William R. Hite Jr.talks with school district principals and assistants during a meeting at Fels High School on Tuesday. He currently runs the Prince George's County, Md., schools. TOM GRALISH / Staff Photographer
William R. Hite Jr.talks with school district principals and assistants during a meeting at Fels High School on Tuesday. He currently runs the Prince George's County, Md., schools. TOM GRALISH / Staff Photographer
Posted: June 28, 2012

ROUND 2 of "Who Wants to be Philadelphia's Next School Superintendent?" was held Tuesday, featuring candidate William R. Hite Jr., who said that if he accepted the top job his first item on the agenda would be "to listen."

"With all of the challenges, with all of the anxiety and with all of the frustration that has taken place in the last six months in this district, the best thing that someone can do now is stop. Stop talking and listen," Hite told a group of teachers gathered for a meet-and-greet at district headquarters. Once the school community is heard, he said, then it is "an opportunity to begin a healing process so that we are able to come together to address the challenges that are likely in front of us."

One of two finalists for the job of district superintendent, Hite, 50, is the head of Prince George's County Public Schools, Maryland's second-largest district, with 135,000 students and a budget of $1.6 billion.

The candidate, a former middle- and high-school principal, spent the day meeting with teachers, parent groups and charter-school operators, as well as elected officials and business and religious leaders.

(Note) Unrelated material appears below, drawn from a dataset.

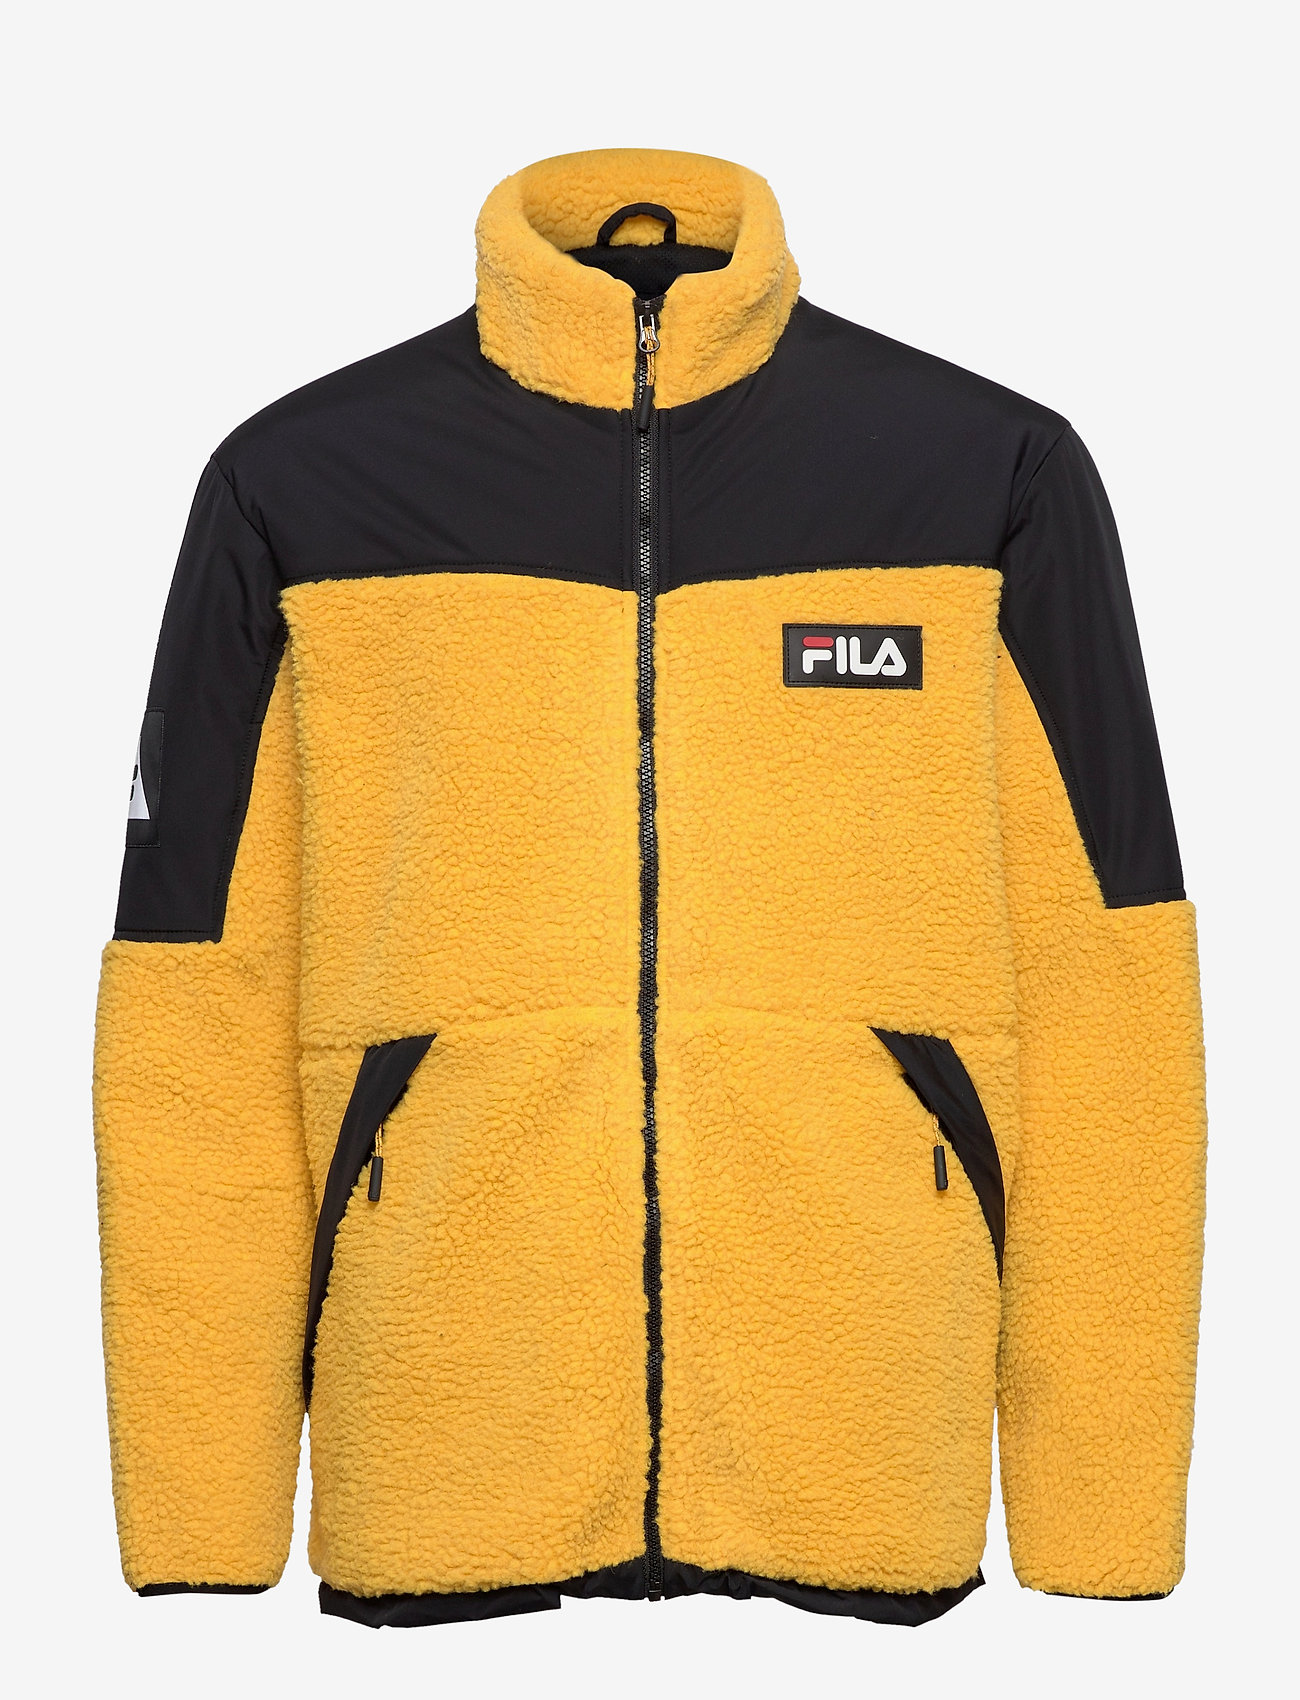 fila sherpa jacket
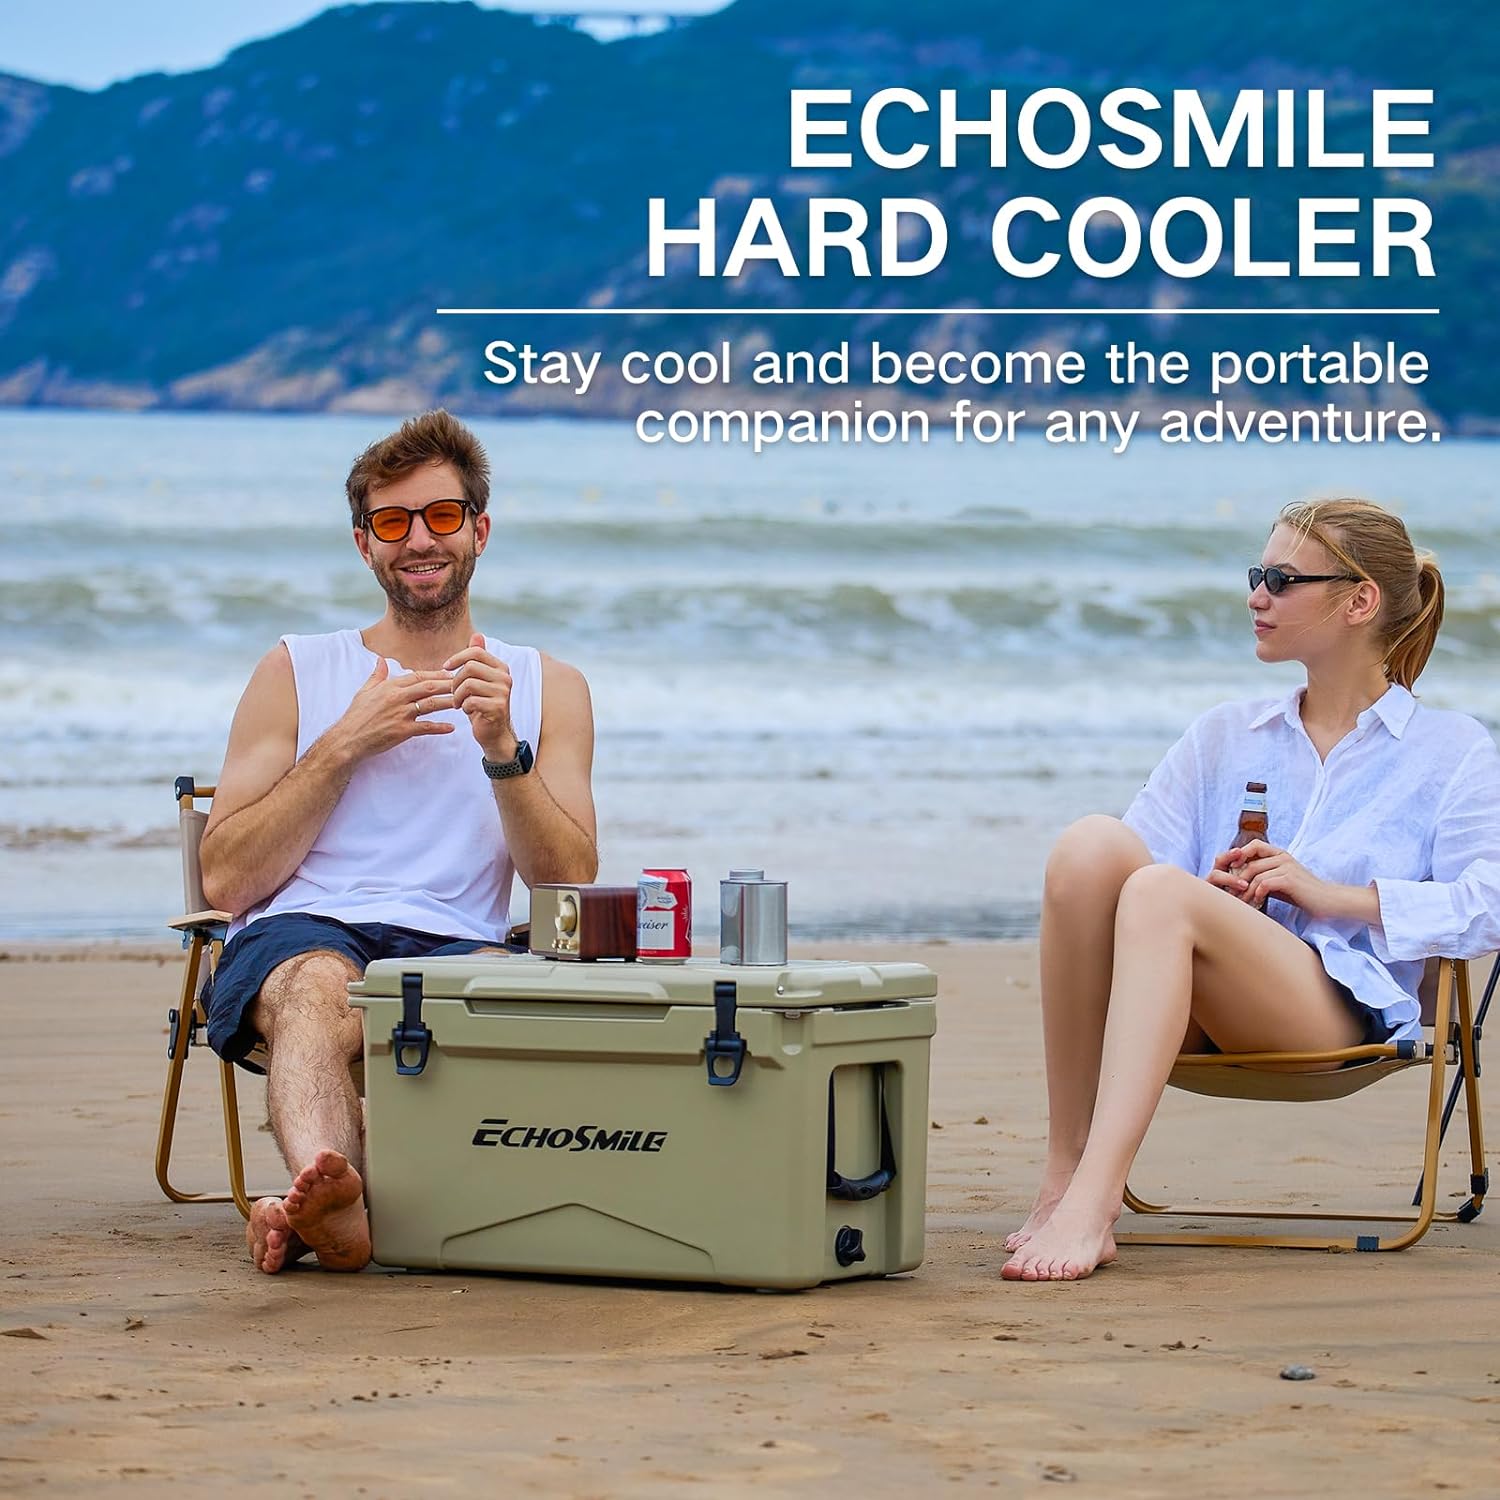 EchoSmile Rotomolded Cooler design

After a full day of meetings with adults, he apparently welcomed a lunch break with the "consumers," a/k/a the district's students.

"I think adults are extremely important in the conversation but only to the degree that it speaks to what every single child needs to be successful," he said Tuesday night.

Two students' comments were "critically important" to him, he said. One told him, "It's a shame that in some schools we have more police officers than counselors in his school," Hite recalled. "Another student talked about understanding how I learn so that your teaching can be adjusted to make me learn more.

“That's profound to hear from the mouths of young people that we serve every day."

Lonce Scott, a field director with the Boy Scouts of America, said Hite could bring the community together, as did former superintendent Constance Clayton.

"Dr. Hite to me seems a man that has a sincerity about the community. I think he's going to be engaged not only with the political powers that be, but also the community powers," Scott said. "I think he's going to be effective."

When asked by a teacher what he would be willing to cut from the budget, Hite told her, "You guys have cut a whole bunch already. When you look at that, it's like, wow." Hite said he would work with the School Reform Commission "to really define what is the grand purpose of this work," he said. The district has multiple plans — capital improvement, facilities master plan, budget, school closure — and they are not part of what he called any "coherent structure."

The SRC could make a final decision between Hite and the other finalist, Pedro Martinez, as early as this week.